Payment arrears – act immediately

15 Mar 2011

The National Credit Regulator (NCR) has warned that indebted people should act immediately when confronted with letters of demand or threatening phone calls from creditors and should not wait for the “problem to go away”.

Peter Setou, senior manager of education and strategy at the NCR says the biggest mistake that people make is to believe that if they ignore phone calls and letters the problem will somehow just go away.

“The earlier that someone sees they are in financial trouble and acts upon it the better,” he says. “The best way to do this is to contact the credit provider immediately there is a default in repayments and discuss the matter with that organisation,” he says.

March is Consumer Rights Month and the NCR has embarked on a nationwide campaign to inform and educate consumers about their rights and responsibilities when it comes to repaying debts that have been incurred as part of daily life.

At the end of September last year the Credit Bureau Monitor, compiled by the NCR, found that 18,35-million South Africans were credit active and of these 46,3% (or nearly 8,5-million) had impaired credit records.
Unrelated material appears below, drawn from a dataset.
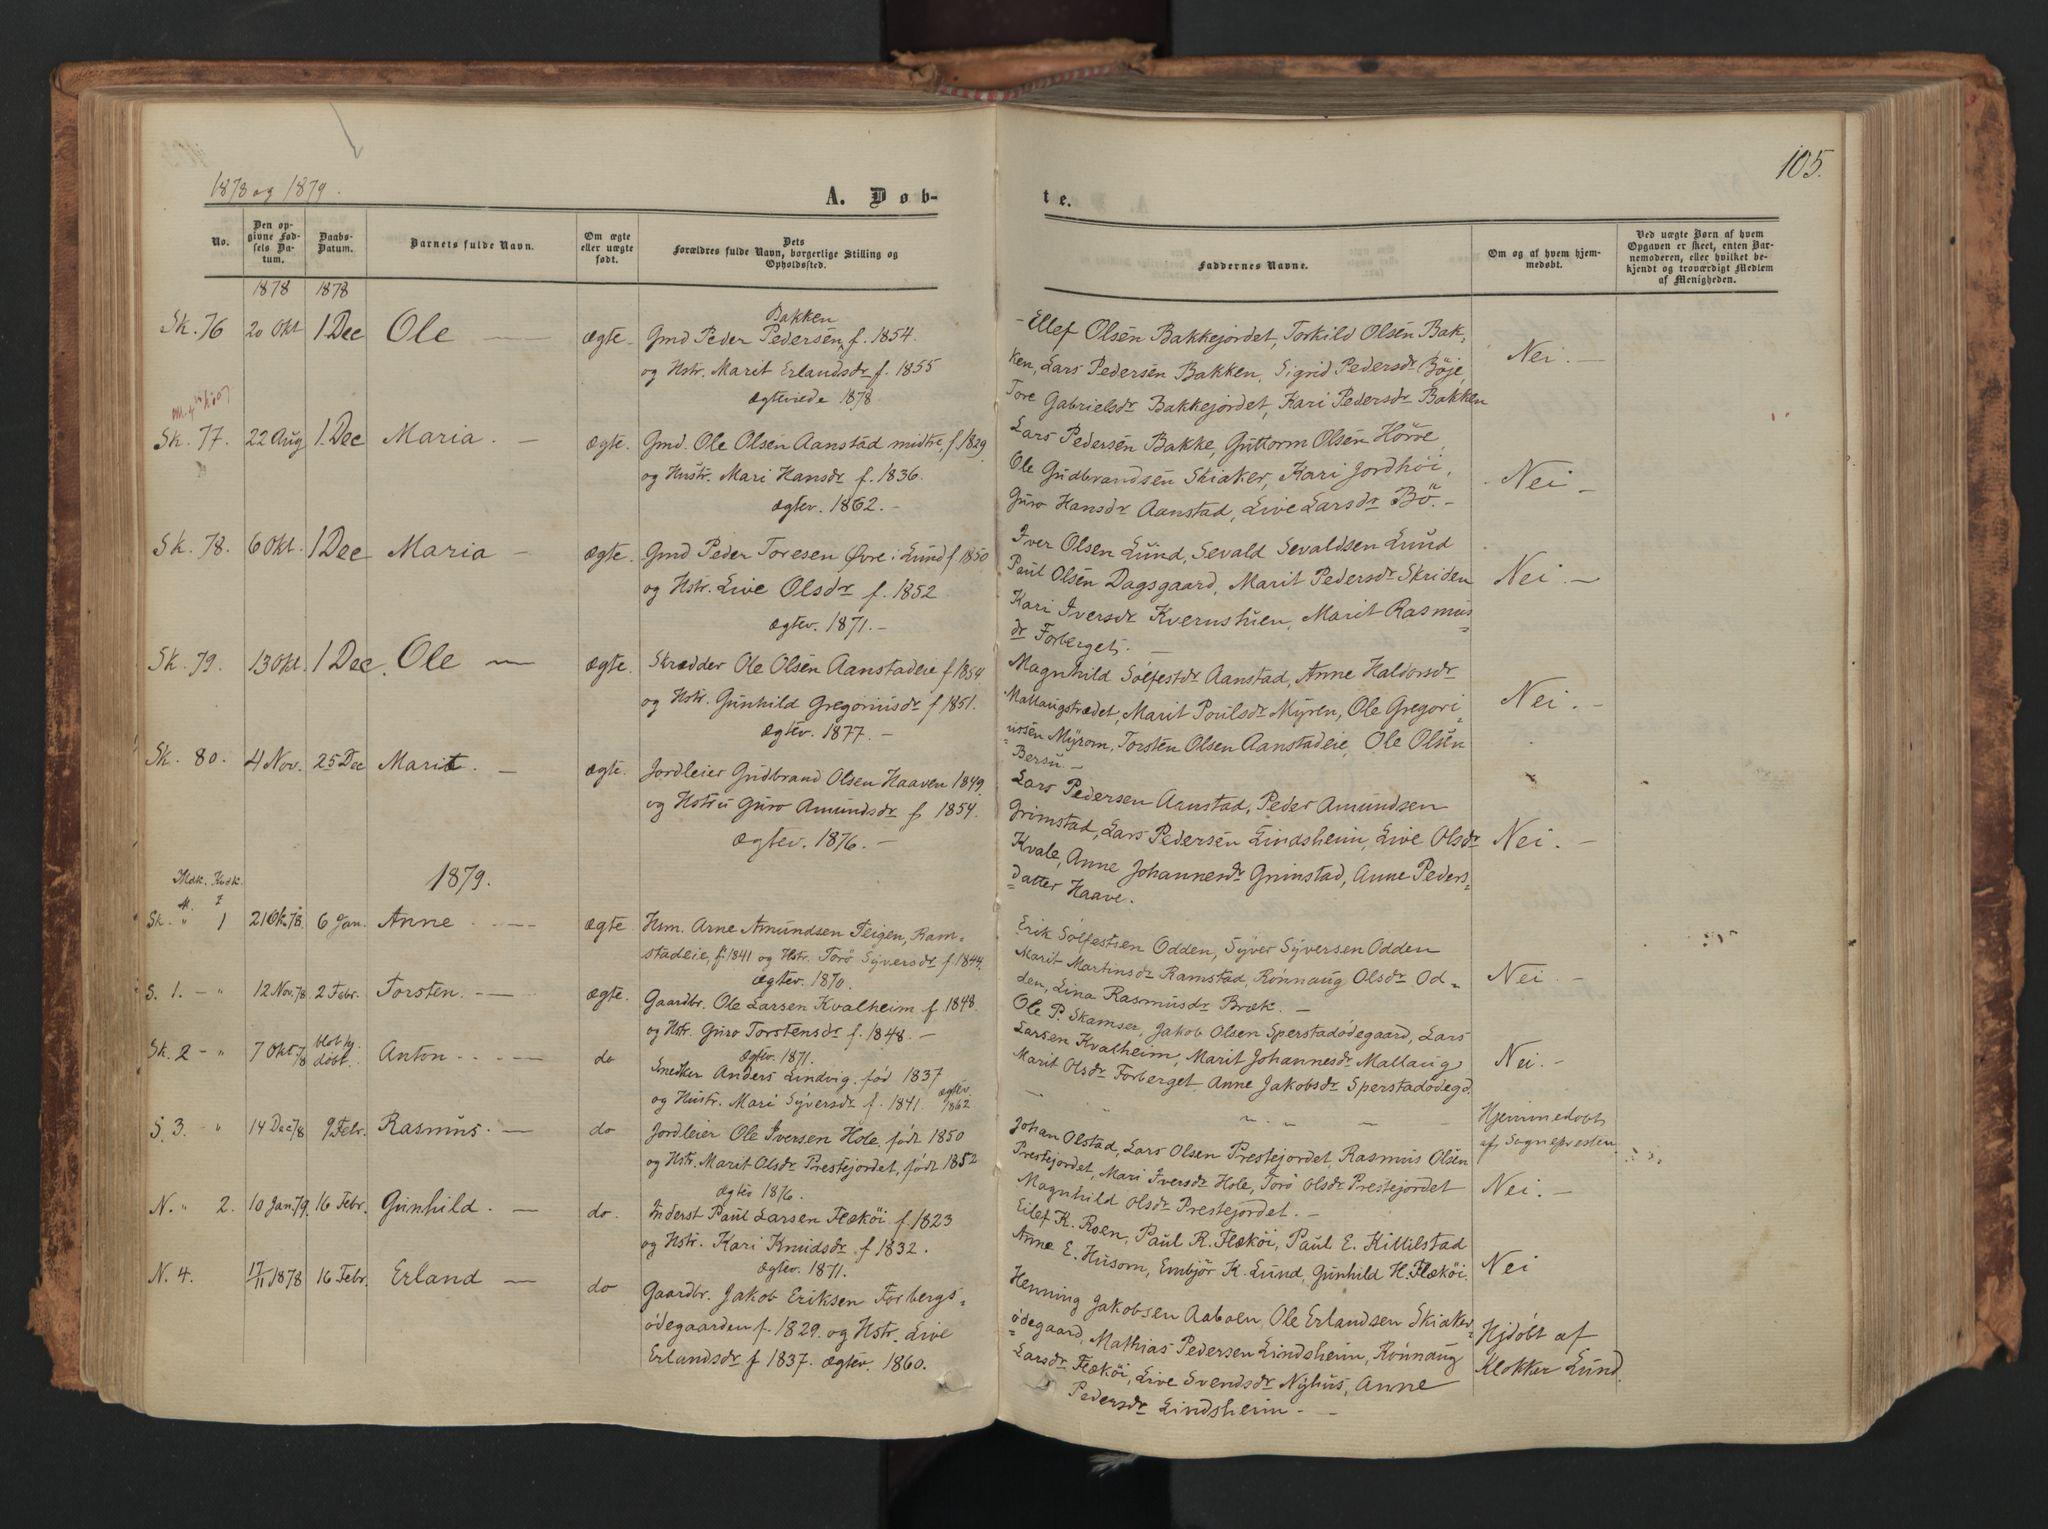 SAH, Skjåk prestekontor, Ministerialbok nr. 1, 1863-1879, s. 105

“Consumers should be pro-active about their debts and should take action before receiving a letter of demand or a threatening phone call,” says Setou.

He says that a credit provider is entitled to approach the courts for a judgment against a debtor but the credit provider must be given written notice of this intention, inform consumers of their options, including debt counselling and assist a debtor to find an alternative method to bring the payments back into line.

Setou says this is particularly important should a consumer receive a Section 129 notice letter or any other letter of demand. He says consumers must act on it and follow the stipulations contained in this letter of demand (usually to contact the credit provider) and not just ignore it.

Over-indebted consumers are entitled to apply for a debt review and already more than 200 000 consumers in South Africa have done so. This review allows debt counsellors and consumers to draw up a budget and then renegotiate repayments with credit providers.

Setou says that this becomes even more important for property owners in South Africa who are at risk of losing a property entirely should they not act on the letters of demand issued by banks when people have defaulted on bond repayments.

The NCR says that while the regulations are there to assist over-indebted people, the reality is that these people must recognise their own responsibilities and act accordingly.